-- Activity --
From the entries below, gather every line containing the string "Caprichos".

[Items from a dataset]

----------------------------------------

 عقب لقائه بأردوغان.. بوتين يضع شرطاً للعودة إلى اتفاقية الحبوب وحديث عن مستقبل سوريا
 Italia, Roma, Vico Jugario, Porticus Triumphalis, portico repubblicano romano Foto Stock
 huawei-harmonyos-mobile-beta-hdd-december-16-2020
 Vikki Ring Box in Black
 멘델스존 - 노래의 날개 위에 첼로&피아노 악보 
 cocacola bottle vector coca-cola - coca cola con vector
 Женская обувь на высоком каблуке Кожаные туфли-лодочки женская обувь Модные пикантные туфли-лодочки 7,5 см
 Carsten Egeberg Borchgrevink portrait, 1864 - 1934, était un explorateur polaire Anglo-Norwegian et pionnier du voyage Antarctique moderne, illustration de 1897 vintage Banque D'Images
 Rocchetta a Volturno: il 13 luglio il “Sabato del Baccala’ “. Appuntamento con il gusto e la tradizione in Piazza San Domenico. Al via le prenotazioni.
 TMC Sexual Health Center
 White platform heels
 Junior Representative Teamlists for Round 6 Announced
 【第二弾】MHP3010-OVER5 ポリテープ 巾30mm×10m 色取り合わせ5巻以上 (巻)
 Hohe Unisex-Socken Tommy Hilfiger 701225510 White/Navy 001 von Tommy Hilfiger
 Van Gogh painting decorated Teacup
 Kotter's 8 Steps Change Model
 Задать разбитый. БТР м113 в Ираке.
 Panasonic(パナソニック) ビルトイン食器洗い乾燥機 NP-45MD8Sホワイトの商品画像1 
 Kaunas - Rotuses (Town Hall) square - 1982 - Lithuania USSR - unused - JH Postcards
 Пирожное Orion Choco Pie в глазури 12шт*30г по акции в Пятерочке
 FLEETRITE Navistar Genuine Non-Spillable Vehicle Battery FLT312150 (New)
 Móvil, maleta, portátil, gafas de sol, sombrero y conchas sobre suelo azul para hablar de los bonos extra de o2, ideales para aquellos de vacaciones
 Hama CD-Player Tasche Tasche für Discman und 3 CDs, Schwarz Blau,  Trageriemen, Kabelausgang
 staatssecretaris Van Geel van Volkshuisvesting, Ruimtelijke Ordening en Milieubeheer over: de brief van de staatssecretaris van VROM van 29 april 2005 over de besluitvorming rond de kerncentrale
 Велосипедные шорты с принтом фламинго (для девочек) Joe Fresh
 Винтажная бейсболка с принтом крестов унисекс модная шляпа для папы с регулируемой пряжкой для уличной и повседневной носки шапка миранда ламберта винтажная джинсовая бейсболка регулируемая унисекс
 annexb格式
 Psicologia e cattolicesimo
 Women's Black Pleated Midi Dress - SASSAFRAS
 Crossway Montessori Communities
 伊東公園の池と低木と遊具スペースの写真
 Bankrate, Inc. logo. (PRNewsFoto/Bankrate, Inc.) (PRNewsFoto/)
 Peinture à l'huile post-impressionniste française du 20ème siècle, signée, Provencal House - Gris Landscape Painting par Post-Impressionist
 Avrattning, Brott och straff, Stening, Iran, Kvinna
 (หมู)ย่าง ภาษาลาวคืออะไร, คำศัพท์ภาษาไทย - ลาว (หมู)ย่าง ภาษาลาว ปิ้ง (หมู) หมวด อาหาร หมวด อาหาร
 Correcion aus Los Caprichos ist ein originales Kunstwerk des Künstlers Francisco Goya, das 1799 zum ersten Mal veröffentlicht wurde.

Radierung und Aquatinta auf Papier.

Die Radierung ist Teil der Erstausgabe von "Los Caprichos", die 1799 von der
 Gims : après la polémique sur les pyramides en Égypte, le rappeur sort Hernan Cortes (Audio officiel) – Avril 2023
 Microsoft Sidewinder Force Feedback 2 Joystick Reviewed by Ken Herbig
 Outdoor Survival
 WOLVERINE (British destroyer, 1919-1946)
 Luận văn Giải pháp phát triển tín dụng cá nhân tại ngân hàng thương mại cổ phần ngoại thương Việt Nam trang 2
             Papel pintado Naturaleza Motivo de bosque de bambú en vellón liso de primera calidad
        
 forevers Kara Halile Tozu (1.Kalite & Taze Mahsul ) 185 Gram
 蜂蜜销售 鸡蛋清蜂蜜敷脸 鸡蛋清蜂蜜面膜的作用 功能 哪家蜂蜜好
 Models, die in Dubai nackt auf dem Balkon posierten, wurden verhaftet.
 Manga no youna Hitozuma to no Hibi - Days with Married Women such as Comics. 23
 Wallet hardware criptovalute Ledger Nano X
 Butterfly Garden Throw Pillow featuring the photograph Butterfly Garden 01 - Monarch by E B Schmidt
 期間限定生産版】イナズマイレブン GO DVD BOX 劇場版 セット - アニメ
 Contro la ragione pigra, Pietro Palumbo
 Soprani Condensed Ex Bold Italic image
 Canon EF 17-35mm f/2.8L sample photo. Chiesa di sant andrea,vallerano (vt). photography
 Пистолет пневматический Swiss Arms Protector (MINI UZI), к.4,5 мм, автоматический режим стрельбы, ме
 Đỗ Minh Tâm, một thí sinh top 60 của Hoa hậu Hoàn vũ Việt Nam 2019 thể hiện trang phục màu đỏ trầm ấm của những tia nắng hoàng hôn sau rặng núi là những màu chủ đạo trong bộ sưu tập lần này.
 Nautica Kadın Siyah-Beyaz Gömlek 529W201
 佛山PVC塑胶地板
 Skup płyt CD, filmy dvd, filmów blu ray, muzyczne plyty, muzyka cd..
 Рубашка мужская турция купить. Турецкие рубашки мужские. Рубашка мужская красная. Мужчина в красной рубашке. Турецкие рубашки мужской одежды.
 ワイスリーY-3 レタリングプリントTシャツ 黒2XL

----------------------------------------

-- Result for this task --
 Correcion aus Los Caprichos ist ein originales Kunstwerk des Künstlers Francisco Goya, das 1799 zum ersten Mal veröffentlicht wurde.
Die Radierung ist Teil der Erstausgabe von "Los Caprichos", die 1799 von der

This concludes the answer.